При всей — на грани фола — рискованности метафор эти шесть вычеркнутых строф чрезвычайно удачны. Правда, стоит себе представить эту грудь, отрывающую голову своей обладательнице,— «два осатанелых вала»… но читать Пастернака, в особенности раннего, слишком трезвыми глазами — значит лишать себя львиной доли удовольствия. Не для того писано. После яростной любовной сцены герой с утра пытается признаться во всем мужу возлюбленной — у Сережи Спекторского вообще от влюбленности до брака путь короткий, он и в «Повести» будет предлагать руку и сердце шведской гувернантке, с которой едва три раза серьезно поговорил; муж оказывается человеком широких взглядов и тем навеки восстанавливает Сергея против пошлости «свободных отношений». Может быть, именно терпимое отношение к «любви втроем» отвращало впоследствии Пастернака от Бриков — он видел в этом несомненное извращение. Кстати, из отдельного издания романа вылетели и эти строчки (финал второй главы):
- Нет, я рехнусь. Он знает все, скотина.
- Так эти монологи лишний труд?
- Молчать, кричать? Дышать зимы картиной?

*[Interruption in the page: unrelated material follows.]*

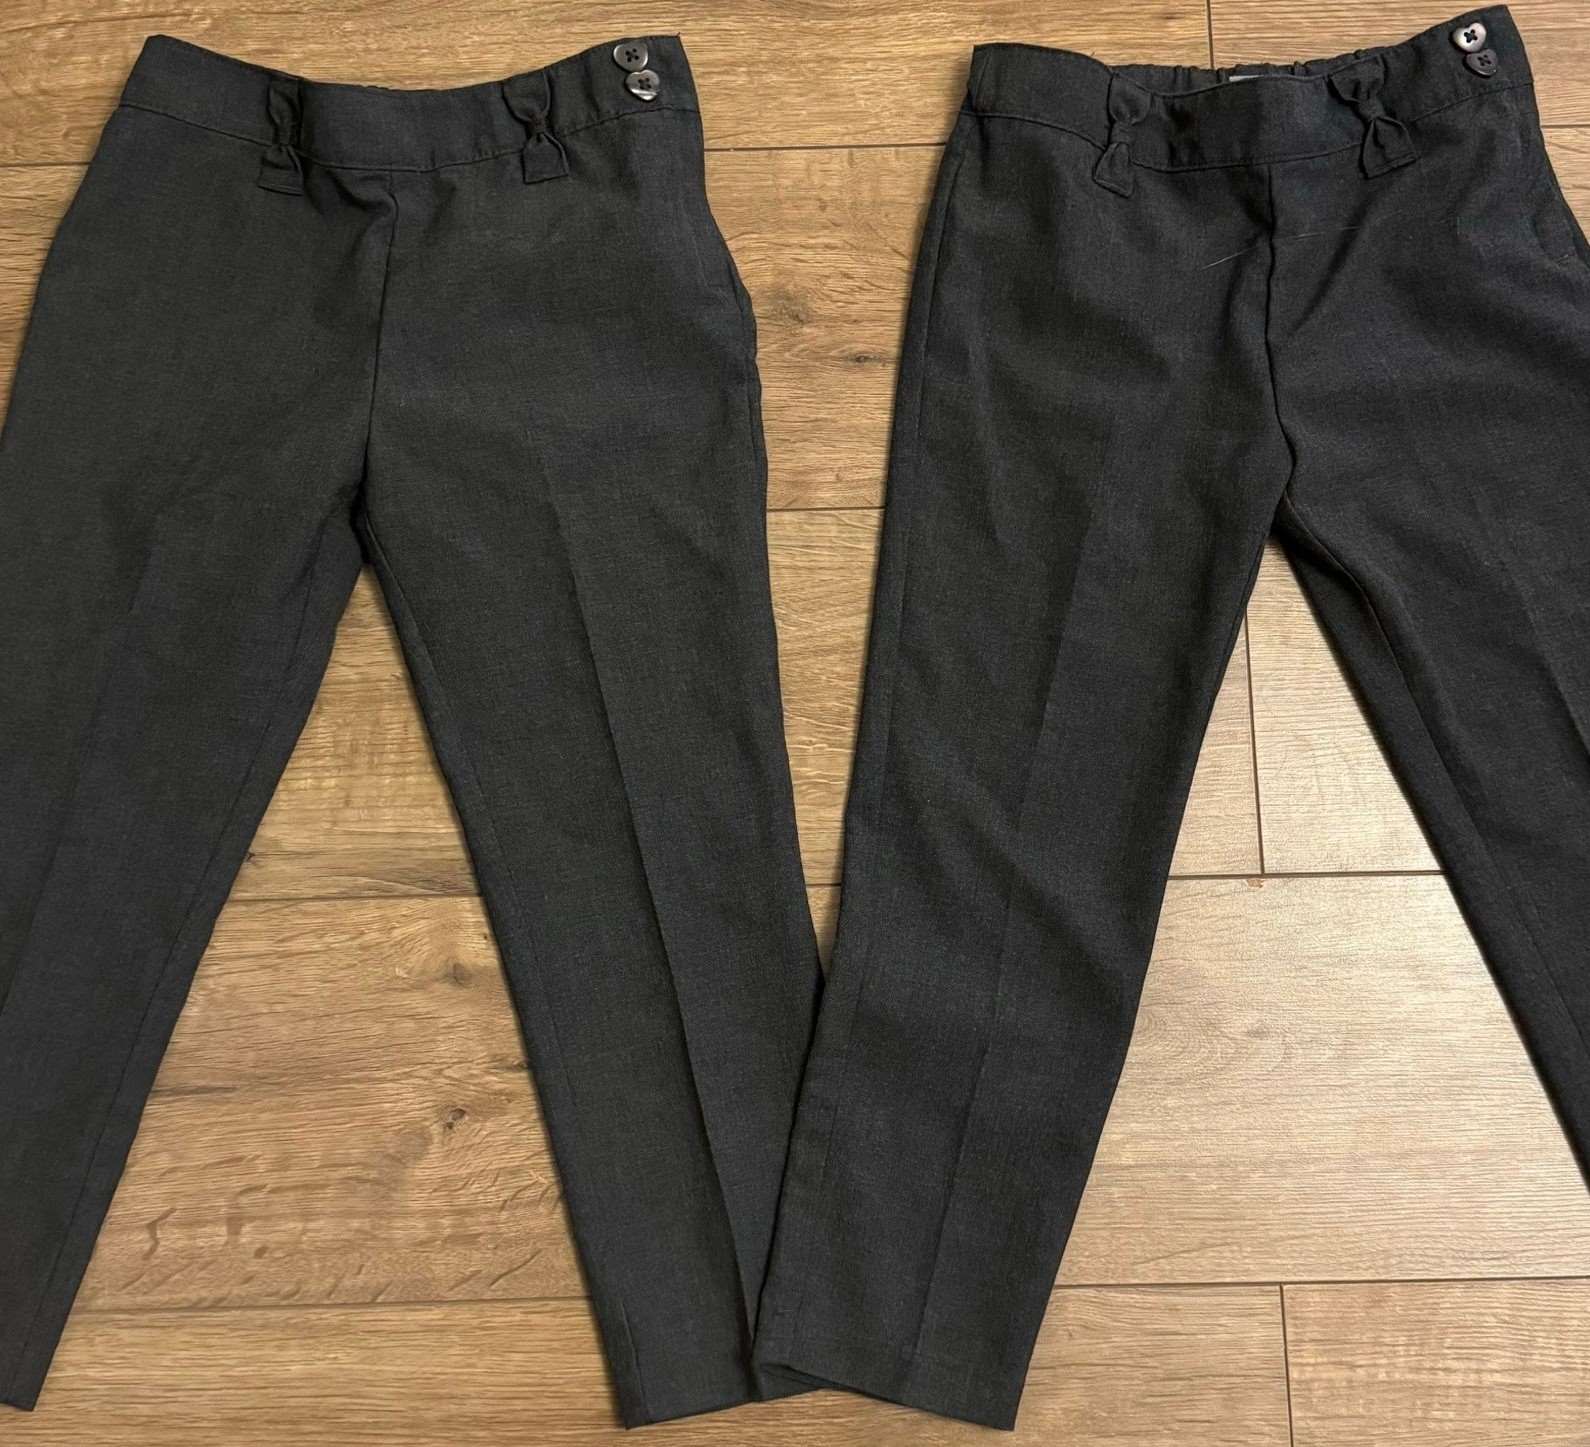 Trousers (with bows or charms) 5-6 yrs

- Так уши, отморозив, снегом трут.
(то есть усугубляют ужасное,— таким превышением невыносимой ситуации, казалось бы, герою еще и молчать о ней, как если бы ничего не случилось.— Д.Б.).
- «Послушайте! Мне вас на пару слов.
- Я Ольгу полюбил. Мой долг…» — «Так что же?
- Мы не мещане, дача общий кров,
- Напрасно вы волнуетесь, Сережа».
По всей вероятности, это воспоминание о разговоре-объяснении с Борисом Збарским, в отношениях с которым в 1916 году у Пастернака возникла двусмысленность. Это же позволяет думать, что Ольга Бухтеева поначалу сохраняла некие черты Фанни Збарской, но в 1930 году действие вырулило совсем не туда, куда устремлялось поначалу. Если Пушкин искренне недоумевал, как это его Татьяна «удрала» такую штуку,— то для Пастернака, начинавшего роман о Спекторском, финал книги, написанный в 1930 году, был бы куда большей неожиданностью — его Ольга удрала в революцию, что, конечно, гораздо круче, нежели замуж за «толстого этого генерала». Правда, финальное объяснение с героем в обоих случаях для героя нелестно — «лишний человек» всегда теряет женщину, и это генеральная фабула всех романов о «лишних людях» с «Онегина» до «Приглашения на казнь».
3
Год спустя, в апреле тринадцатого, в Москву к Сергею приезжает сестра Наташа, старше его пятью годами; обычно она живет на Урале, с мужем, фабричным врачом Пашей. Собственно, с ее приезда и начинается роман; трудно сказать, для чего понадобилась эта инверсия. Однако к моменту приезда сестры у Сережи с Ольгой все уже расстроилось, о чем мы узнаем из «Повести». Там программа пребывания Наташи в Москве изложена подробно. Наташа вообще была не последнее лицо в замысле предстоящего романа, поскольку задумана представительницей поколения «старших» — и именно из-за таких, как она, Спекторский и его создатель так долго ощущали себя младшими, а то и вовсе отпавшими от истории.
«С людьми, с которыми она теперь делила посещенье Художественного и Корша, ее связывало когда-то большое прошлое. (…) О прошлом не говорили и потому, что в глубине души все они знали, что революция будет еще раз. В силу самообмана, простительного и в наши дни, они представляли себе, что она пойдет как временно однажды снятая и вдруг опять возобновляемая драма с твердыми актерскими штатами, то есть с ними со всеми на старых ролях. Заблужденье это было тем естественнее, что, глубоко веря во всенародность своих идеалов, они были все же такого толка, что считали нужным эту уверенность свою поверять на живом народе. (…) Как все они, Наташа верила, что лучшее дело ее юности только отложено и, как пробьет час, ее не минует. Этой верой объяснялись все недостатки ее характера. Этим объяснялась ее самоуверенность (…) те черты беспредметной праведности и всепрощающего пониманья, которые неистощимым светом озаряли Наташу изнутри и были ни с чем не сообразны».